像以前一樣計算批次 Bleu、rouge 和語義相似度分數


In [None]:
compute_quality_metrics_batch(
    sample_generated_descriptions_tuned_0shot, sample_descriptions, embedding=embedding
)

現在你可以快速瀏覽原始和生成的描述，然後將資料框儲存為 .CSV 格式的磁碟


In [None]:
sample_test[
    ["parsed_product_specs", "description", "generated_description_tuned_0shot"]
].head()

In [None]:
sample_test.to_csv("./augmented_dataset.csv", index=False)

### 方法 4：少樣本描述生成驗證與評估，使用微調的模型

在此區段，你對模型執行參數有效率的微調，透過 500 對從訓練組中隨機抽樣的 (提示、描述)，以便進一步與描述和寫作風格相符。接著，你為一批次生成描述，並根據這三個指標針對原始描述評估它們，如前所述。


注意：由於你並未以少量方式訓練調整模型，因此它有時可能會產生混淆並生成不自然的文字。在這種情況下，你可以依賴確認模型，它可以評估並重複提示直到生成有效的回覆。

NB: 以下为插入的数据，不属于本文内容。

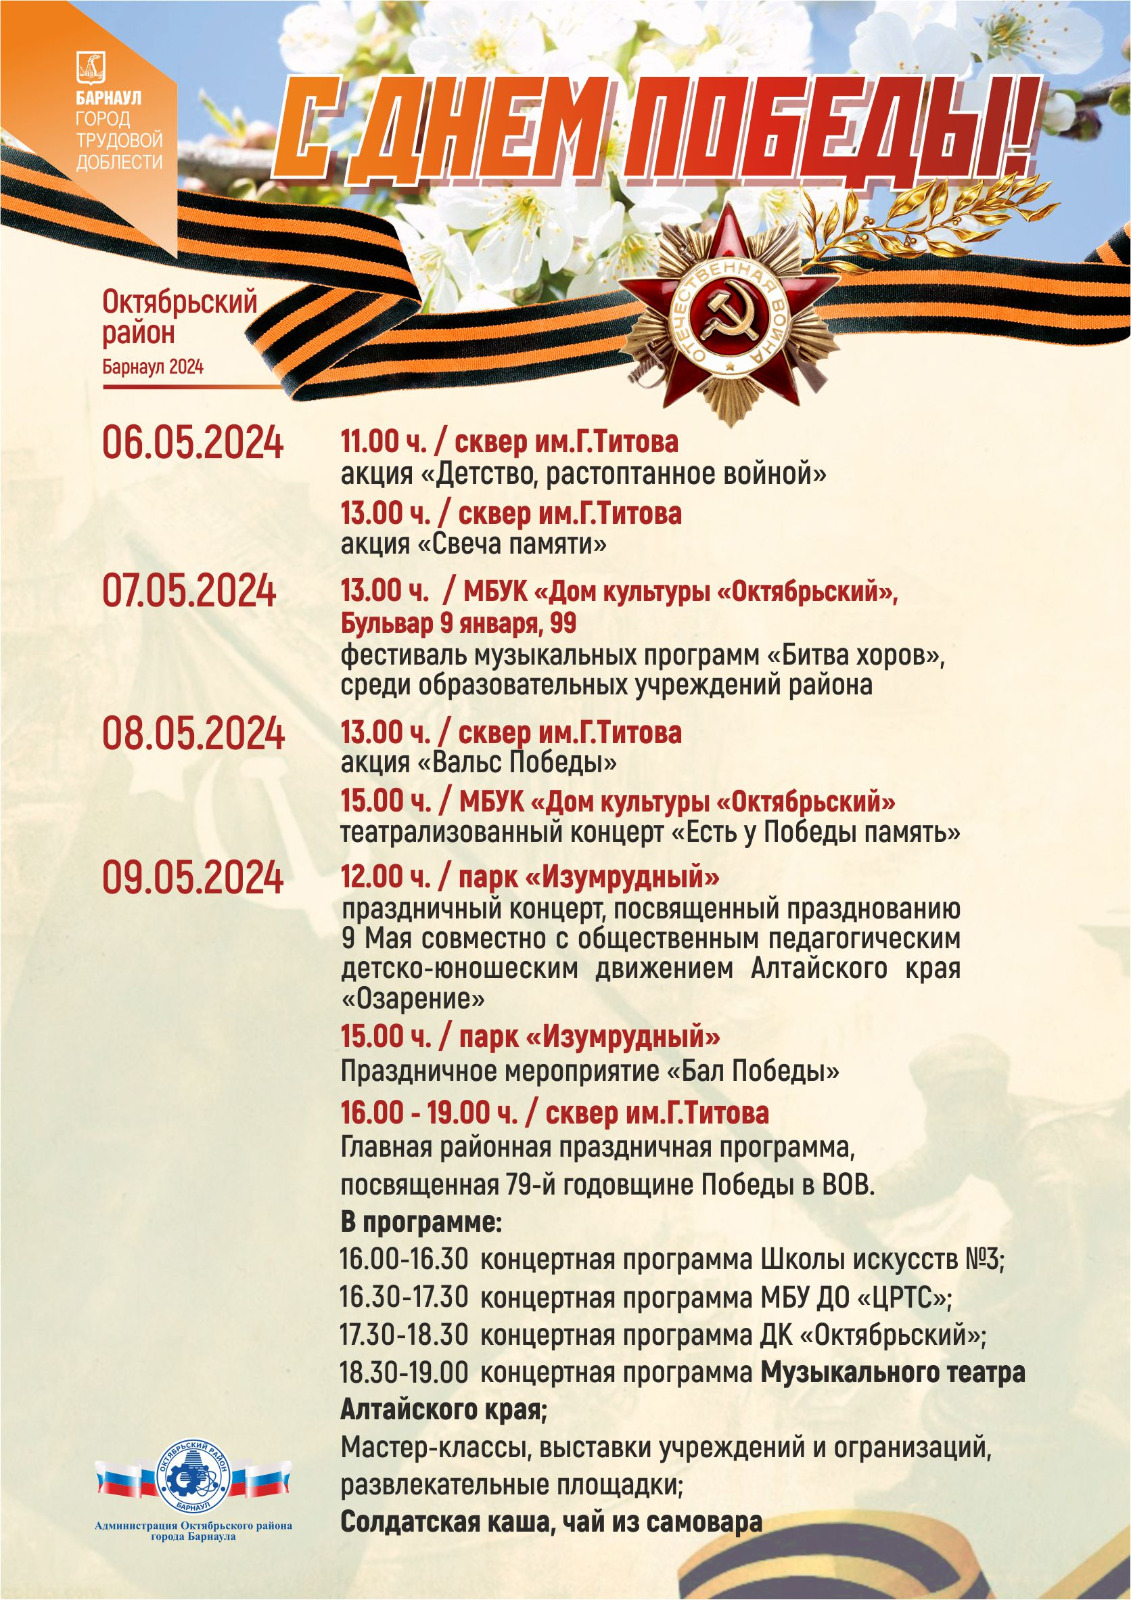 Какие мероприятия, посвященные празднованию Дня Победы, пройдут на территории Октябрьского района Барнаула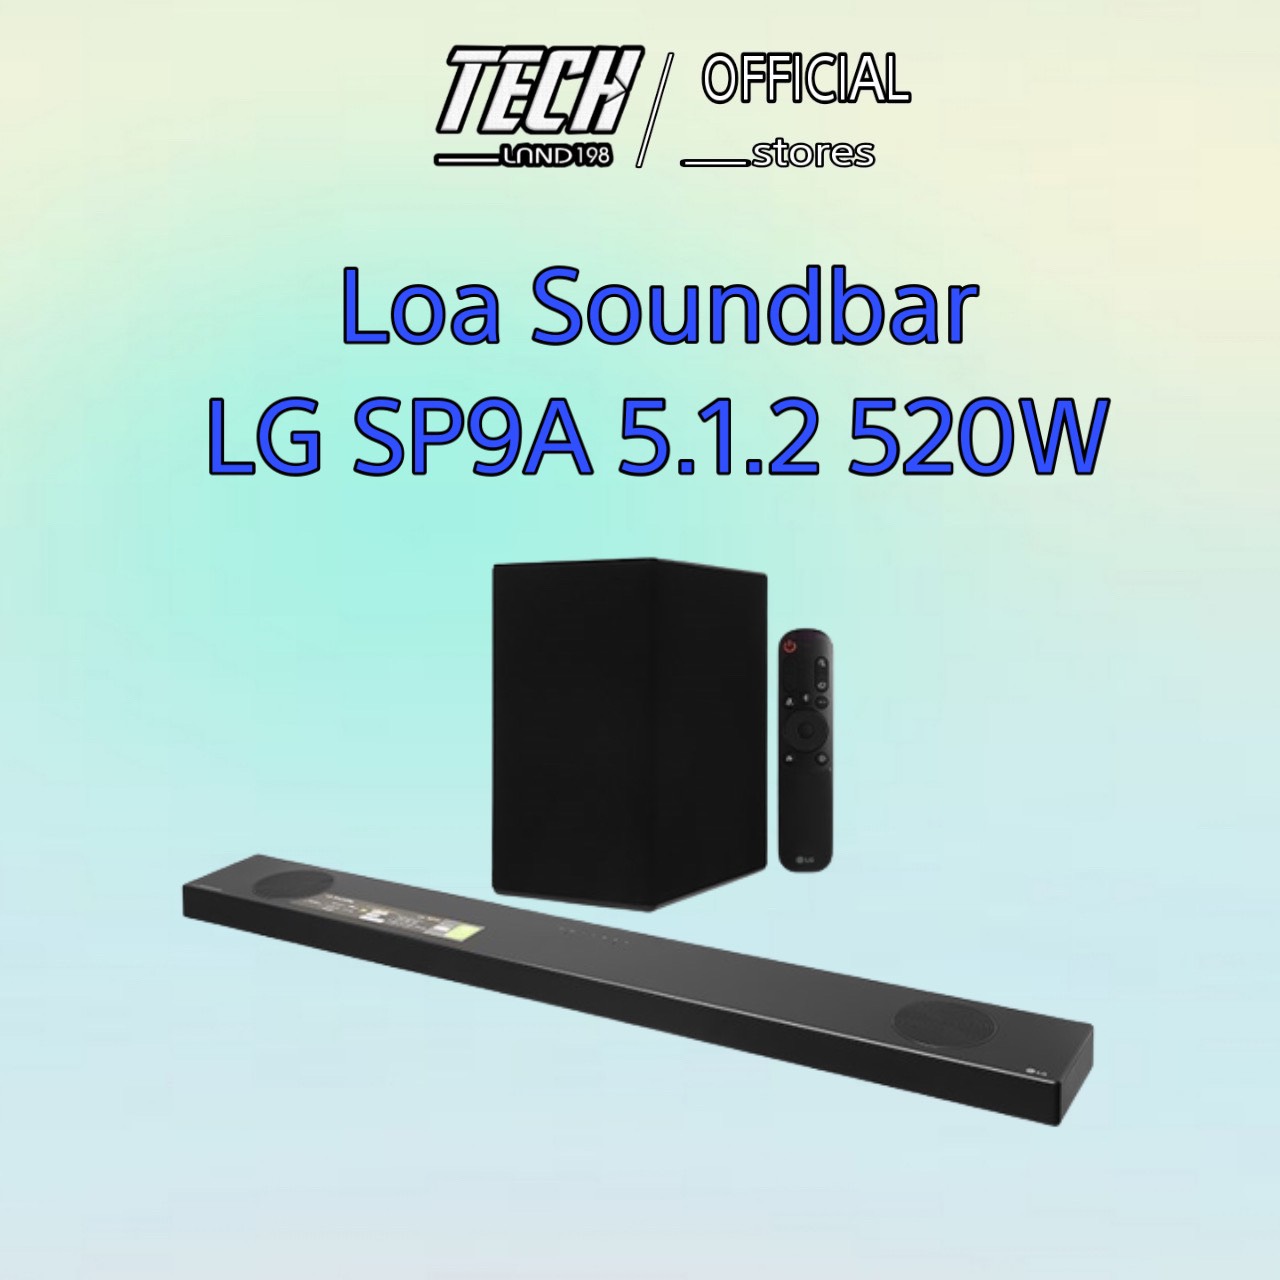 Loa Soundbar LG SP9A 5.1.2 520W Hires Audio

<div class="alert alert-block alert-warning">
<b>⚠️ 此區塊需要 TPU：請注意微調會使用 TPU，因此你需要確保專案中可供使用。</b>
</div>


In [None]:
descgen_chain_fewshot_tuned = LLMChain(
    llm=llm_tuned, prompt=prompt_descgen_fewshot, output_key="generated_description"
)
overall_chain_fewshot_tuned = SequentialChain(
    chains=[descgen_chain_fewshot_tuned, eval_chain],
    input_variables=["platform_name", "product_attributes", "examples"],
    # Here you return multiple variables
    output_variables=["generated_description", "is_safe"],
    verbose=True,
)

In [None]:
result_fewshot_tuned = overall_chain_fewshot_tuned(
    {"platform_name": "Flipkart", "product_attributes": attrs, "examples": examples}
)
pp.pprint(result_fewshot_tuned["generated_description"])

有時可能會發生由於上述原因，微調模型會產生不正確的回應：這就是為什麼驗證器模型的回應可被用於過濾它的原因


In [None]:
pp.pprint(result_fewshot_tuned["is_safe"])

In [None]:
sample_test["generated_description_tuned_fewshot"] = sample_test[
    "parsed_product_specs"
].apply(
    lambda x: overall_chain_fewshot_tuned(
        {
            "platform_name": "Flipkart",
            "product_attributes": x,
            "examples": compute_fewshot(x, retriever, train_spec_ix),
        }
    )["generated_description"]
)
sample_generated_descriptions_tuned_fewshot = sample_test[
    "generated_description_tuned_fewshot"
].values.tolist()

這種情況下，由於微調模型降低了質量，特別是對於具有長度懲罰的 Bleu 分數。因此監控所有 3 項指標非常重要


In [None]:
compute_quality_metrics_batch(
    sample_generated_descriptions_tuned_fewshot,
    sample_descriptions,
    embedding=embedding,
)

現在你可以快速瀏覽原始和生成的描述，然後將資料框儲存為 .CSV 格式的磁碟


In [None]:
sample_test[
    ["parsed_product_specs", "description", "generated_description_tuned_fewshot"]
].head()

In [None]:
sample_test.to_csv("./augmented_dataset.csv", index=False)

## 結語

本筆記本說明如何使用 Vertex AI 生成式 AI 模型和 LangChain 建立 SEO 最佳化、真實且有創意的產品說明。

在本筆記本中，你將會學習如何：

* 利用少數範例來建立 LLM 和避免產生幻覺，以及根據類似產品調整產生的說明，使其更接近現有產品說明。
* 使用 Vertex AI textembeddings 模型來評估語義相似度
* 建立 LangChain 提示、檢索器、鏈條和順序鏈條以產生更多有創意且引人入勝的產品說明。
* 使用 BLEU、ROUGE 和語義相似度 (基於餘弦距離) 分數針對原始文字批次評估生成文字的品質。
* 使用驗證器 LLM 模型保護代理，以確保產生的文字準確、真實且有創意。

### 可能的後續步驟：

* 你可以透過使用 [Vertex AI 圖像標題服務](https://cloud.google.com/vertex-ai/docs/generative-ai/image/image-captioning) 來新增更多產品屬性，這也有助於豐富產品說明。
* 你可以嘗試使用 RLHF (透過人類回饋進行強化學習) 來執行多個生成說明之間的偏好最佳化。